The present study reports for the first time records on sea turtle strandings on the Algerian coasts over a two-year period (2016–2017) in order to gain knowledge about threats to these species. Especially since the Algerian population has grown strongly in recent decades, reaching 40.6 million inhabitants in 2015, concentrated in a fringe of approximately 150 km, along the Mediterranean coast. More than 130 million people frequented the beaches during summer while fishing in this country has developed strongly and been modernized over the last decade (Wiefels 2014).

Study area

According to Eriksson (1965), the western Mediterranean is considered a vast ocean-type basin, in which the Algerian-provincial basin is the largest. The Algerian coast, stretching across more than 1600 km, from the east to the west makes up approximately 3.4% of the total Mediterranean coast. This continental margin borders the southern part of the large Algiers-Provencal basin, an important morphological part of the Western Mediterranean Sea (Leclaire 1972). The present study was conducted along the Algerian coast from the far East of Altaref (36.940920N, 8.642120W) to the far West of Tlemcen (35.085006N, 2.211779E) (Fig. 1).

Figure 1. 

Map showing the subdivision of the three zones considered in this study: Western, Central and Eastern zone, and the distribution of stranding sea turtles Caretta caretta (brown circle), Dermochelys coriacea (black circle) and Chelonia mydas (green circle) along Algerian coast (2016–2017).

Data collection

In the present study, stranded sea turtles were defined as those that had been washed ashore, dead or alive, or were found floating dead or alive (generally in a weakened condition) in coastal waters.

The sex was determined in nineteen loggerhead turtles using the tail length for adult individuals and examining the gonads at necropsy when it was possible. However, the sex for the leatherback turtles could not be determined due to difficulties in recovering the carcasses and limitations in the necropsies performed in situ, at the site of stranding. Necropsies were performed on seventeen and four carcasses of stranded C. caretta and D. coriacea, respectively. The cause of stranding was determined through this necropsy and direct visual observation. We also collected samples (stomach contents, humerus, tissues muscle, kidney, liver) which were frozen for further research.

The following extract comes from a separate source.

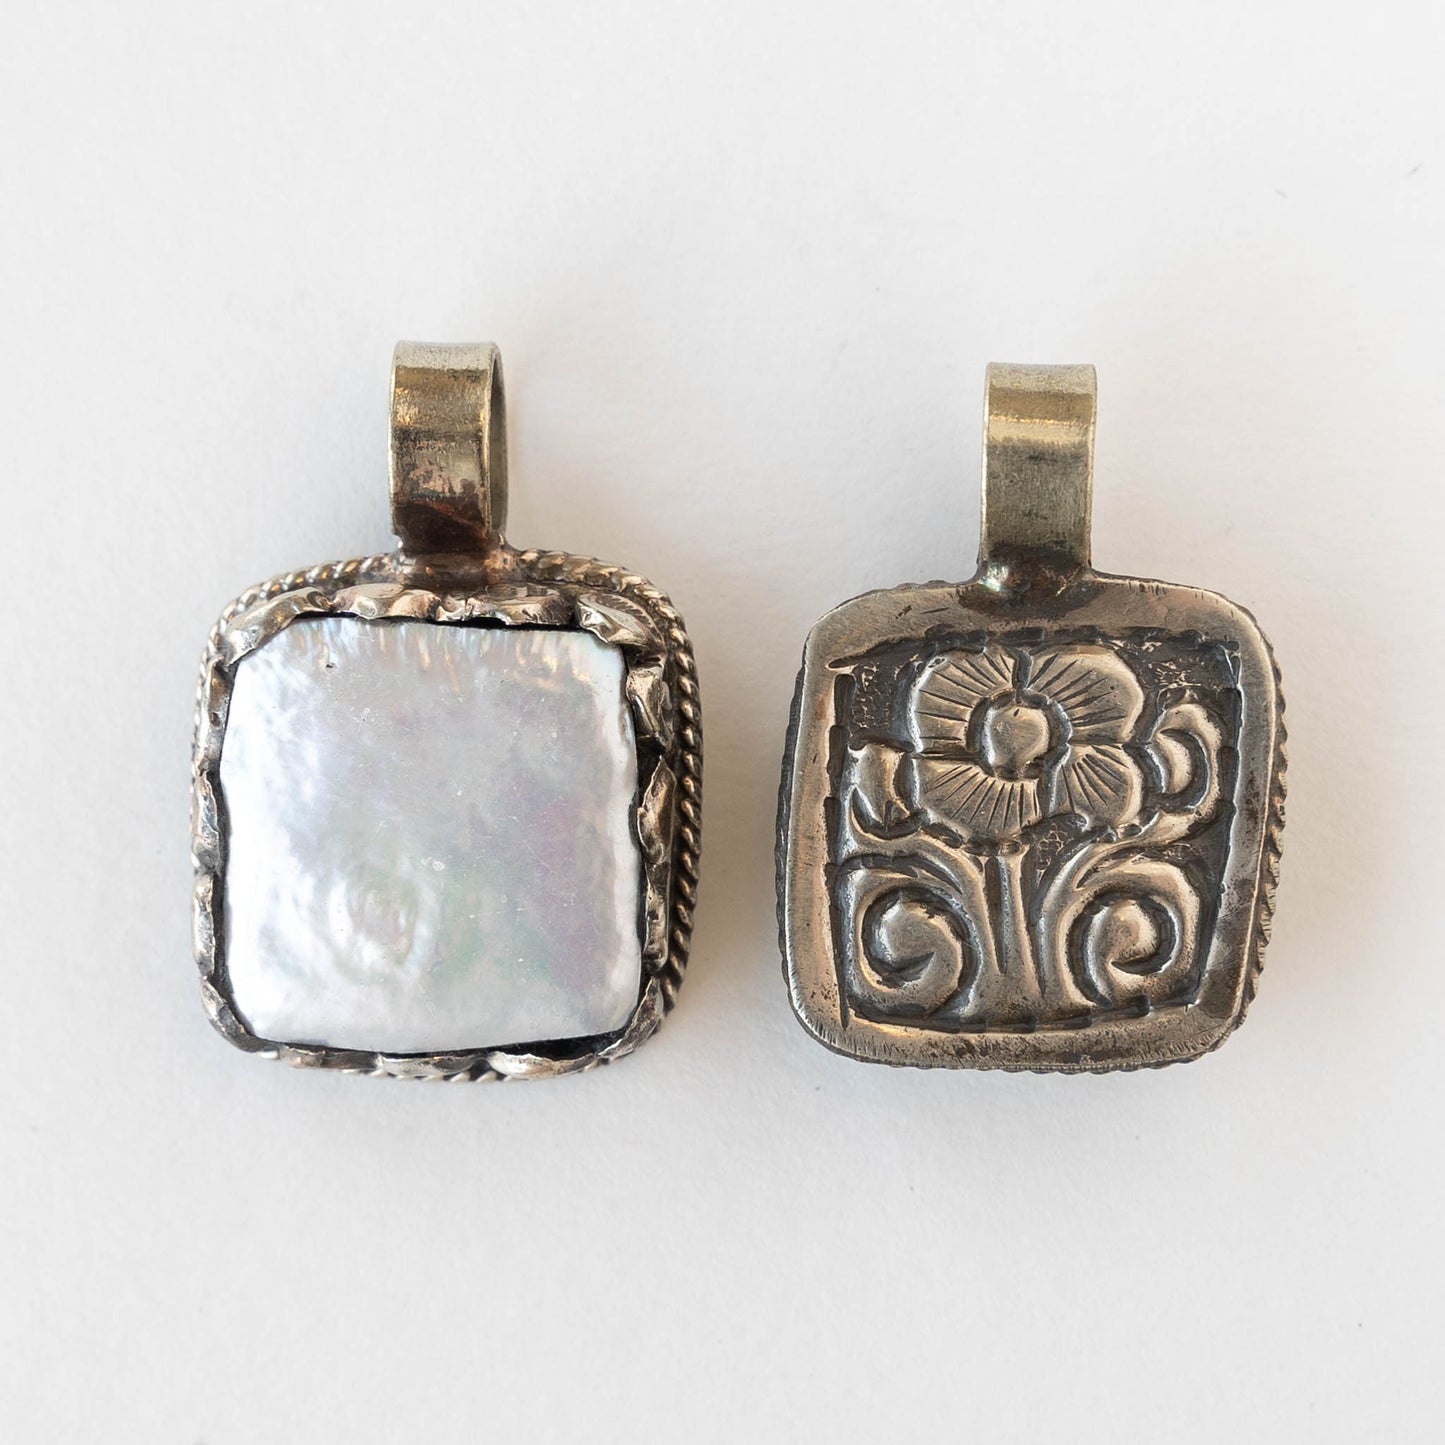 23mm Square Pearl Pendant Set In Tibetan Silver- 1 piece
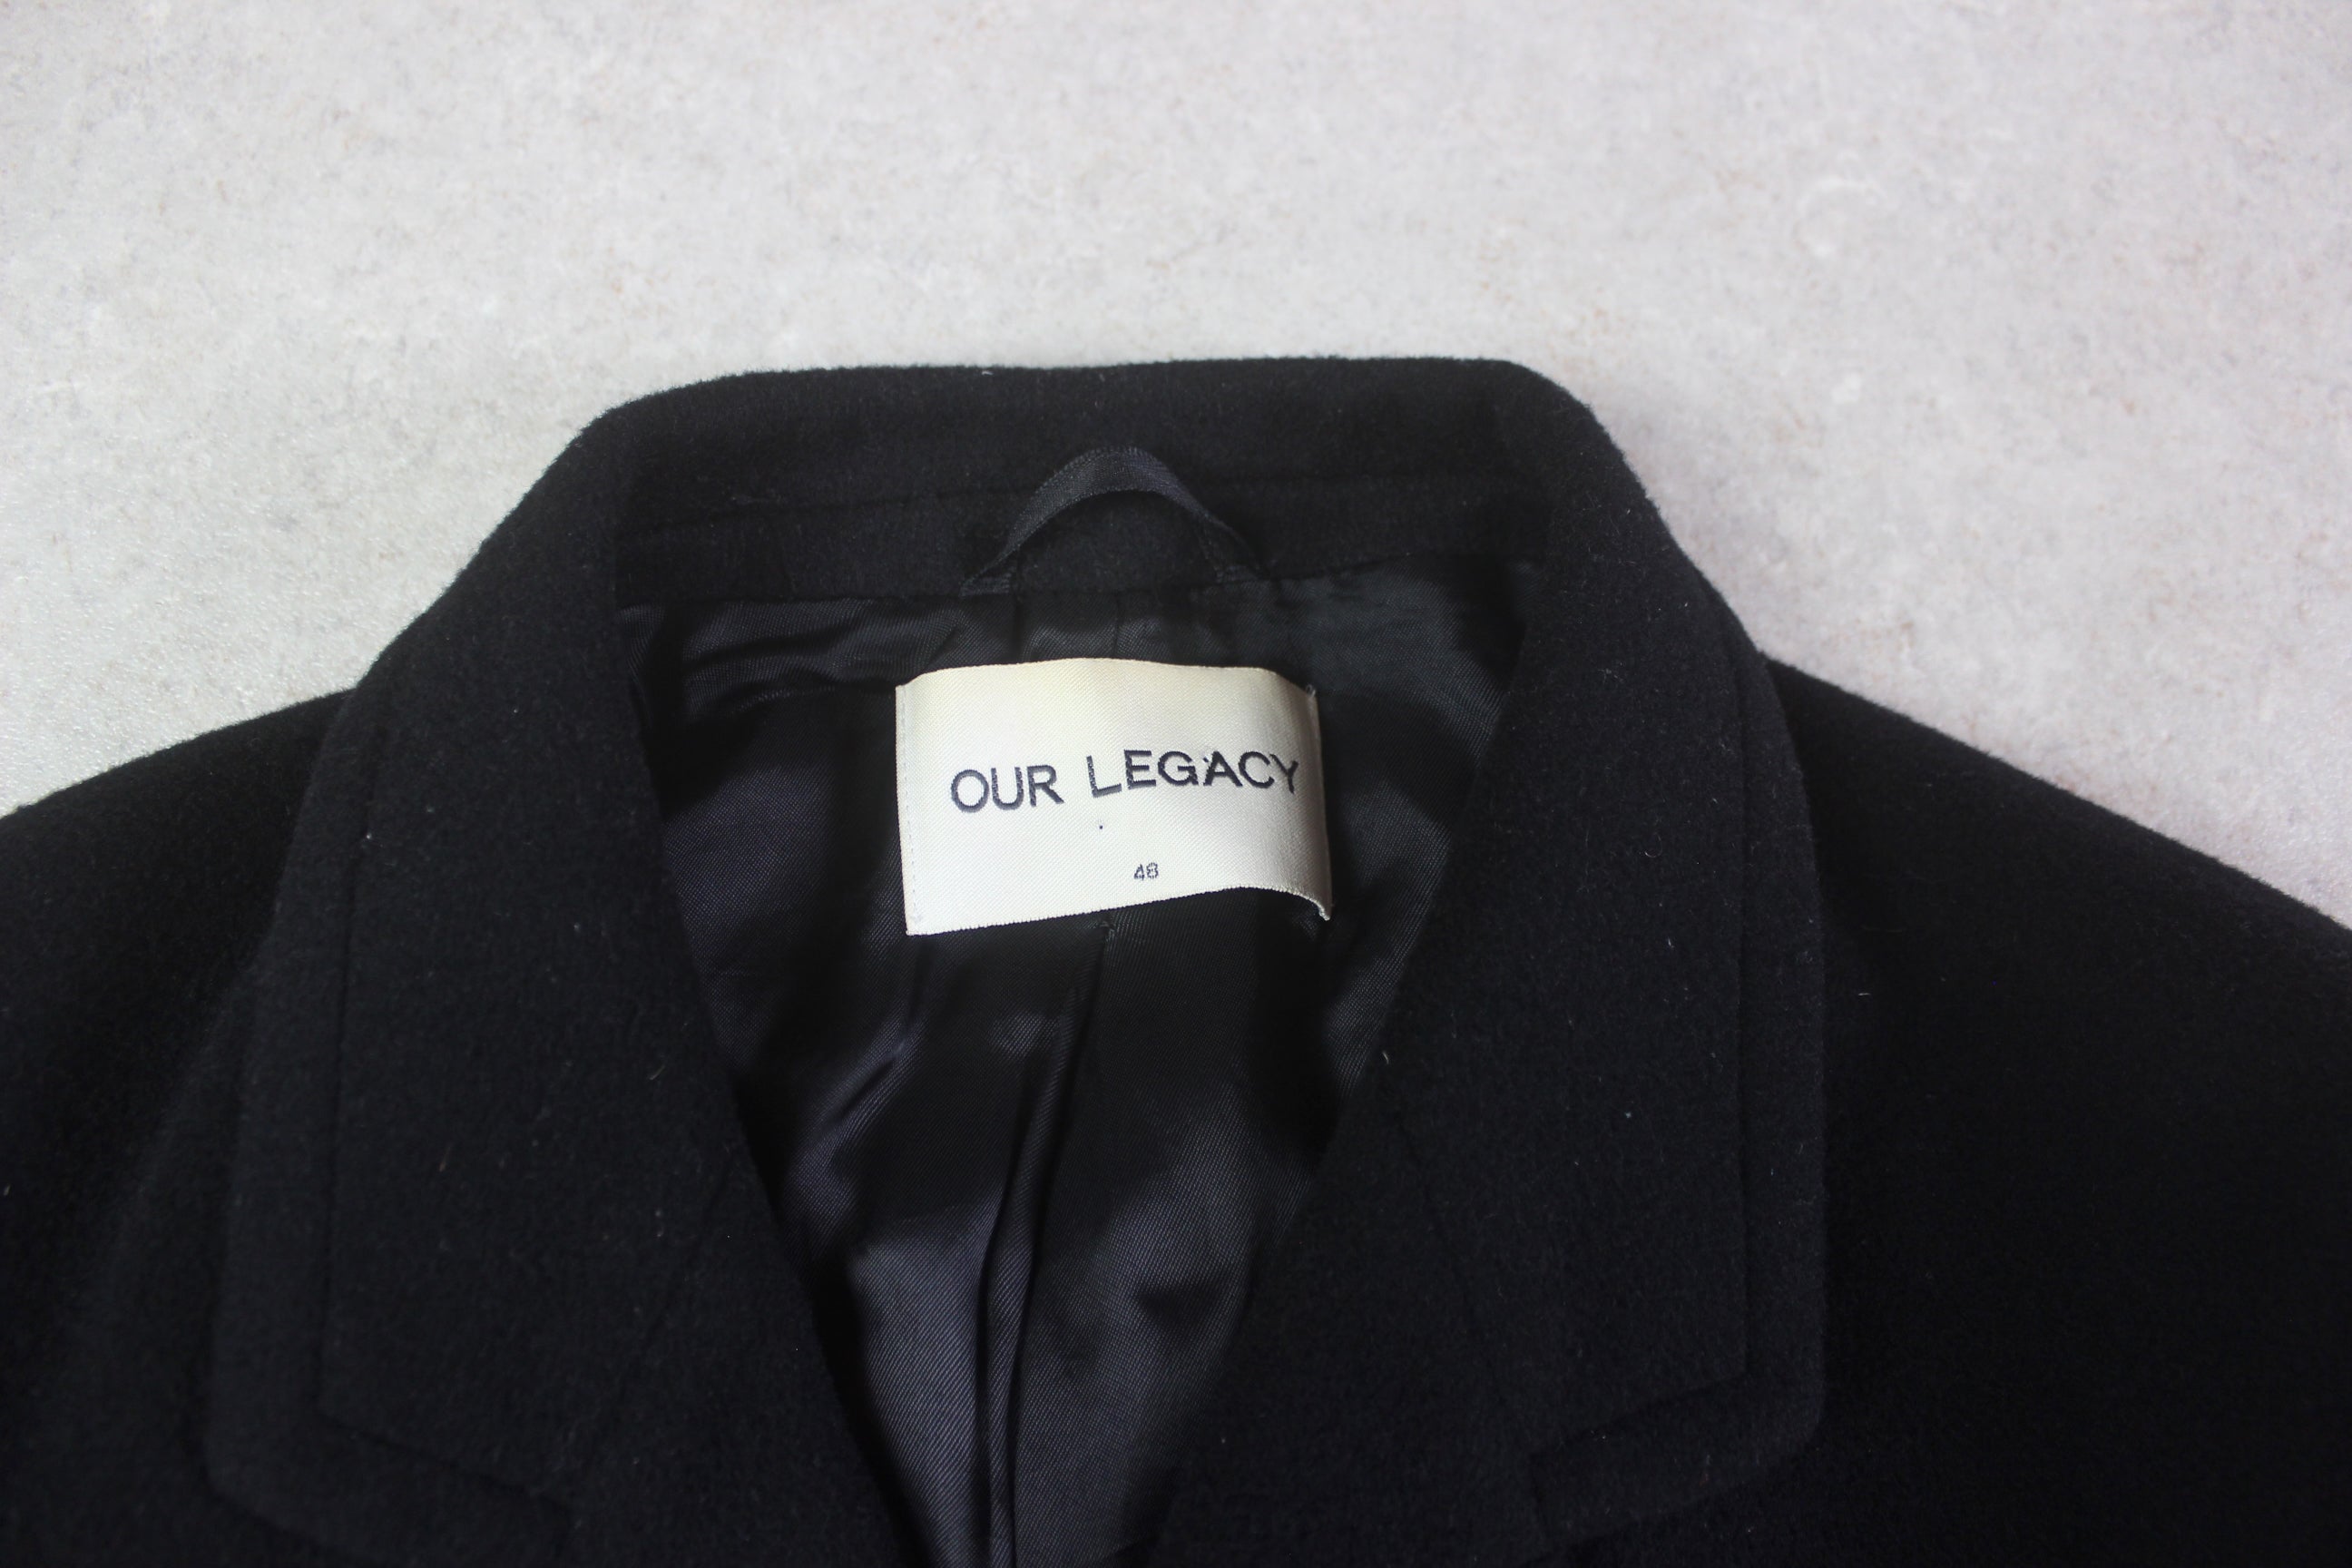 Our Legacy - Wool/Cashmere Coat Jacket - Black - 48/Medium

The coastline was subdivided in 14 stranding areas, according to the administrative division and grouped in three sectors: western region (Tlemcen, Aintemouchent, Oran, Mostaganem), center region (Chlef, Tipaza, Algiers, Boumerdese, Tizi Ouzou) and the eastern region (Bijaia, Jijel, Skikda, Annaba, Altaref) (Fig. 1).

The year was divided into four seasons: winter (January to March), spring (April to June), summer (July to September), and autumn (October to December).

Records of marine turtles found stranded in this study were collected from December 2015 to December 2017, both months inclusive. Data were collected through two methodologies: firstly, as systematic surveys on beaches and other areas of difficult access (rocky areas). We performed these surveys periodically almost every day with the help of 20 volunteers. Most of them were part of fishing communities or people who lived near the coast. The coordination between the teams took place through telephone calls.

The second methodology consisted of an opportunist effort of surveys by receiving information through different sources and going to the stranding location to gather data. We received alerts regularly from diverse sources such as the coast guard, the national gendarmerie, people living in coastal villages, fishermen, civil protection, diving clubs, environmental associations, the National Center for Fisheries and Aquaculture Research (CNRDPA), University Oran 1, University Annaba Badji Mokhtar, social networks, and others. Both methodologies were adopted on the western and central coasts. Only the opportunist survey was adopted on the eastern coast.

This difference in the survey effort was mainly due to two factors: first, the University to which the team belonged is located to the west, second the east coast is characterized by isolated beaches. Therefore, strandings in the eastern part probably were underestimated.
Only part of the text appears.